In 2007, Flex was interviewed by freelance journalist Rod Labbe for Ironman Magazine’s LEGENDS OF BODYBUILDING series. Entitled “Yesterday and Today” it covers his extensive career and reveals how a Legend can conquer adversity and triumph against incredible odds.
Flex is a partner with AAEFX currently serves in an executive position as the Director of Media and Public Relations for the Sports Nutrition Company All American EFX, based out of Bakersfield, California. Flex has his own product line with AAEFX called “Flex Wheeler Signature Series”. Additionally, he manages their sponsored athletes and can be seen in numerous advertisements for the company.
Flex was added to the Guinness Book of Records in 2000.
Car Accident, Health Issues, and Leg Amputation
In 1994 he was involved in a near-fatal car accident that could have left him with lifelong paralysis. He started from scratch again, returning with remarkable speed to the top ranks of the sport.
In 1999 Wheeler discovered that he had Focal segmental glomerulosclerosis, a form of kidney disease. Despite press speculation as to the cause of the failure, Wheeler pointed out that the condition is hereditary, not self-inflicted. Wheeler announced his retirement from competitive bodybuilding in 2000 but continued to compete until 2002. He received a kidney transplant in 2003.

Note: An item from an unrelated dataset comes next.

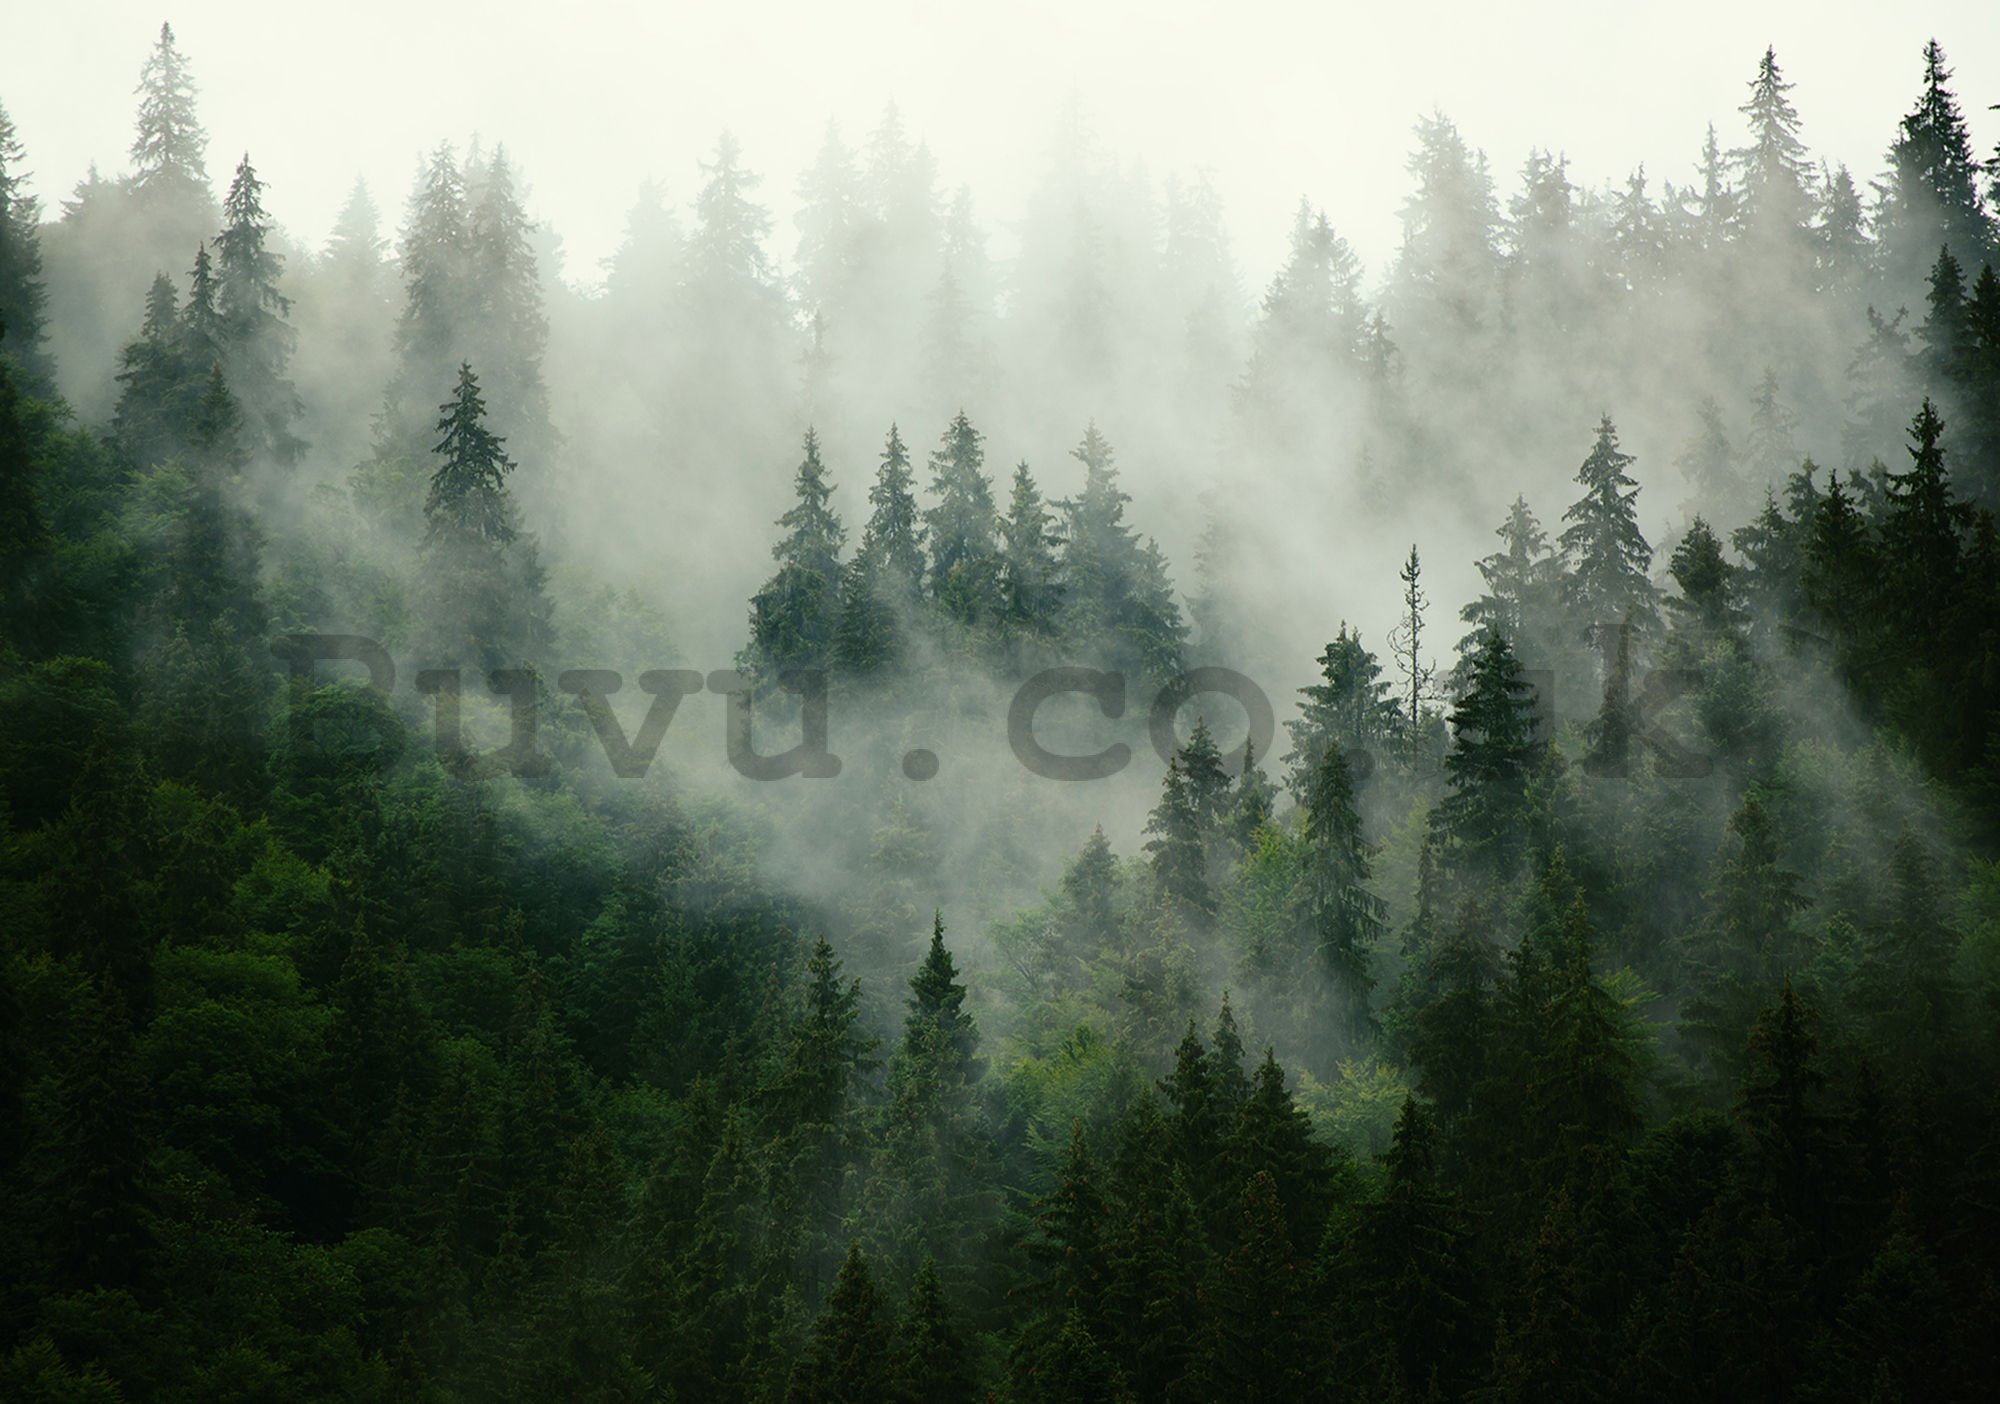 Wall mural vlies: Fog over the forest (1) - 184x254 cm

In 2019, Wheeler had his leg amputated after complications during emergency surgery. He’s explained feeling like half a man but has since made big improvements all-around and has a prosthetic leg.

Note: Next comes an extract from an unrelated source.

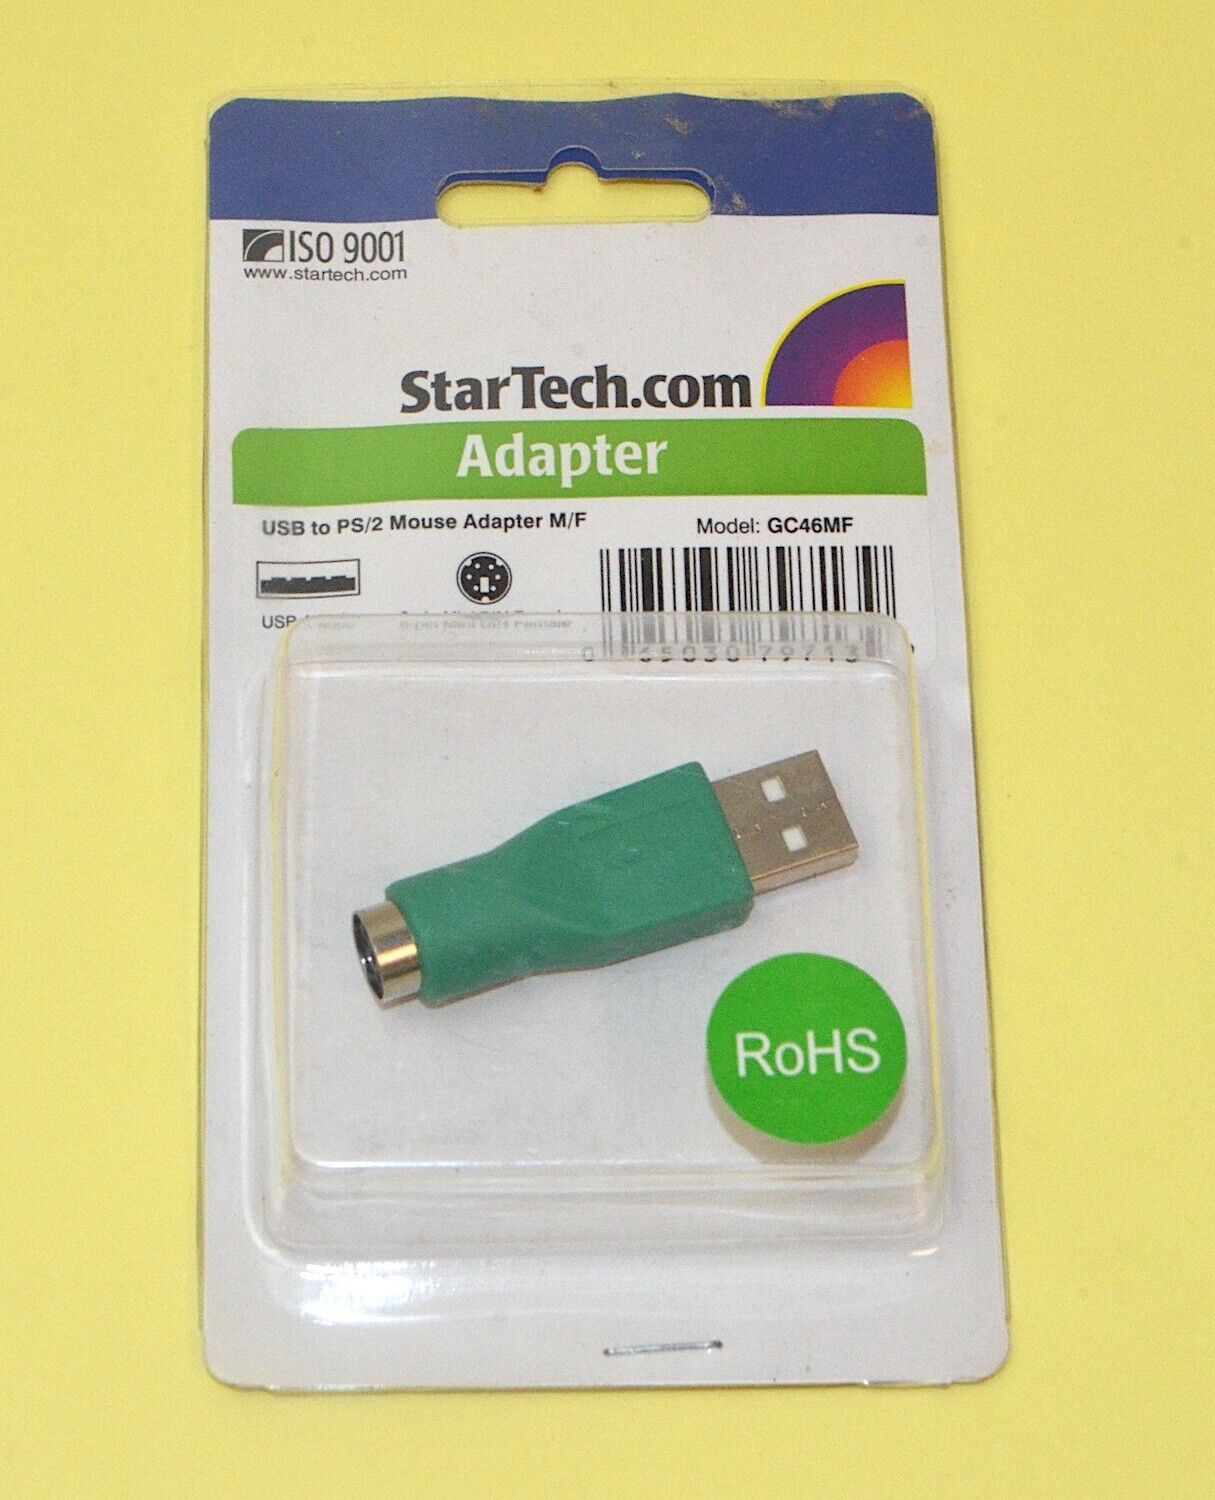 StarTech USB to PS/2 Mouse Adapter, M/F *New* GC46MF

Flex was given the first-ever Olympia Inspiration and Courage award because of his warrior spirit through his health challenges.

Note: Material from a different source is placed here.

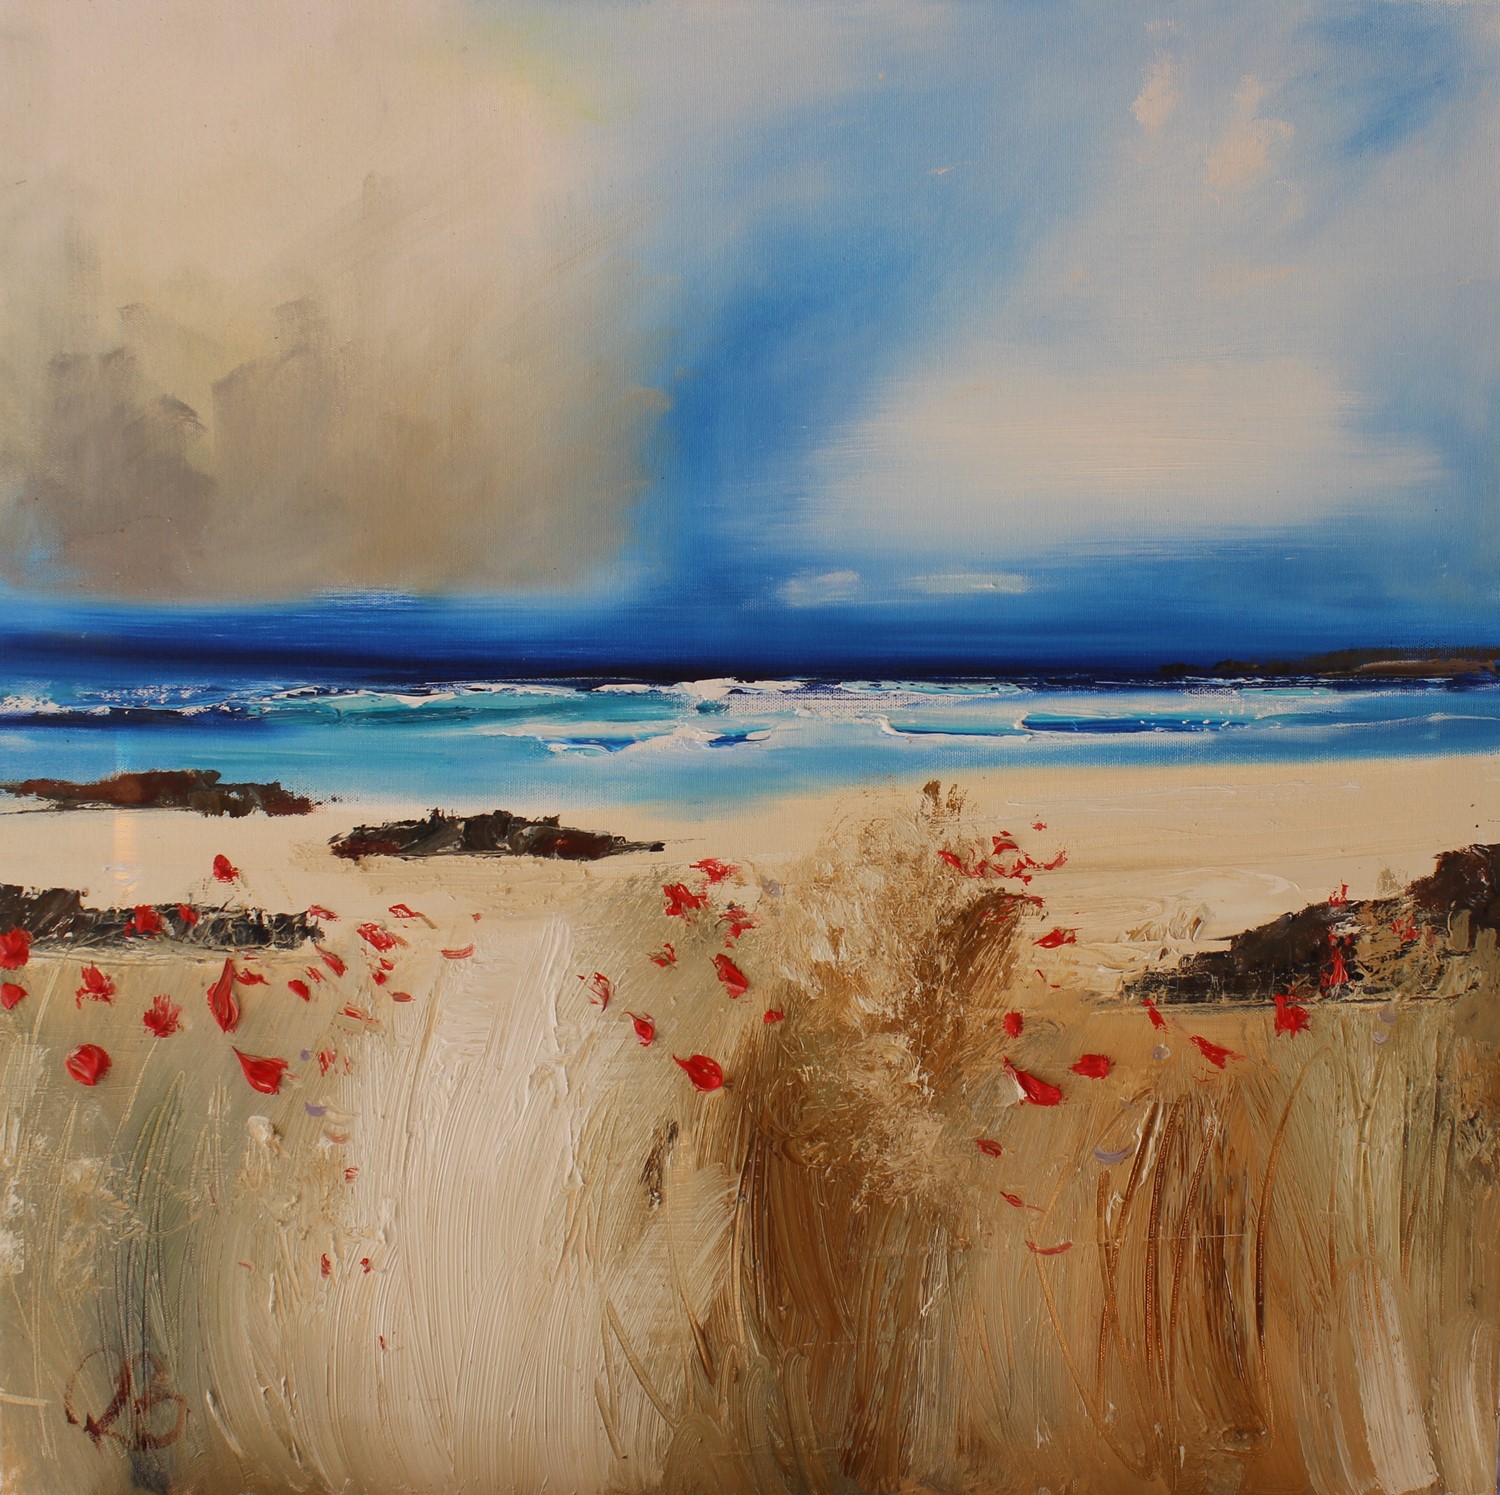 'Scattered Poppies by the Beach' by artist Rosanne Barr

Flex Wheeler is a bodybuilding legend and fan-favorite despite being a retired competitor. His incredibly symmetrical and aesthetic physique back in the 80s and 90s was something to be in awe of and the photos from his days on stage against the best are still just as impressive several decades later.
Wheeler is a warrior despite his unfortunate medical history and continues to inspire so many around the world to keep pushing through regardless of what life throws at you.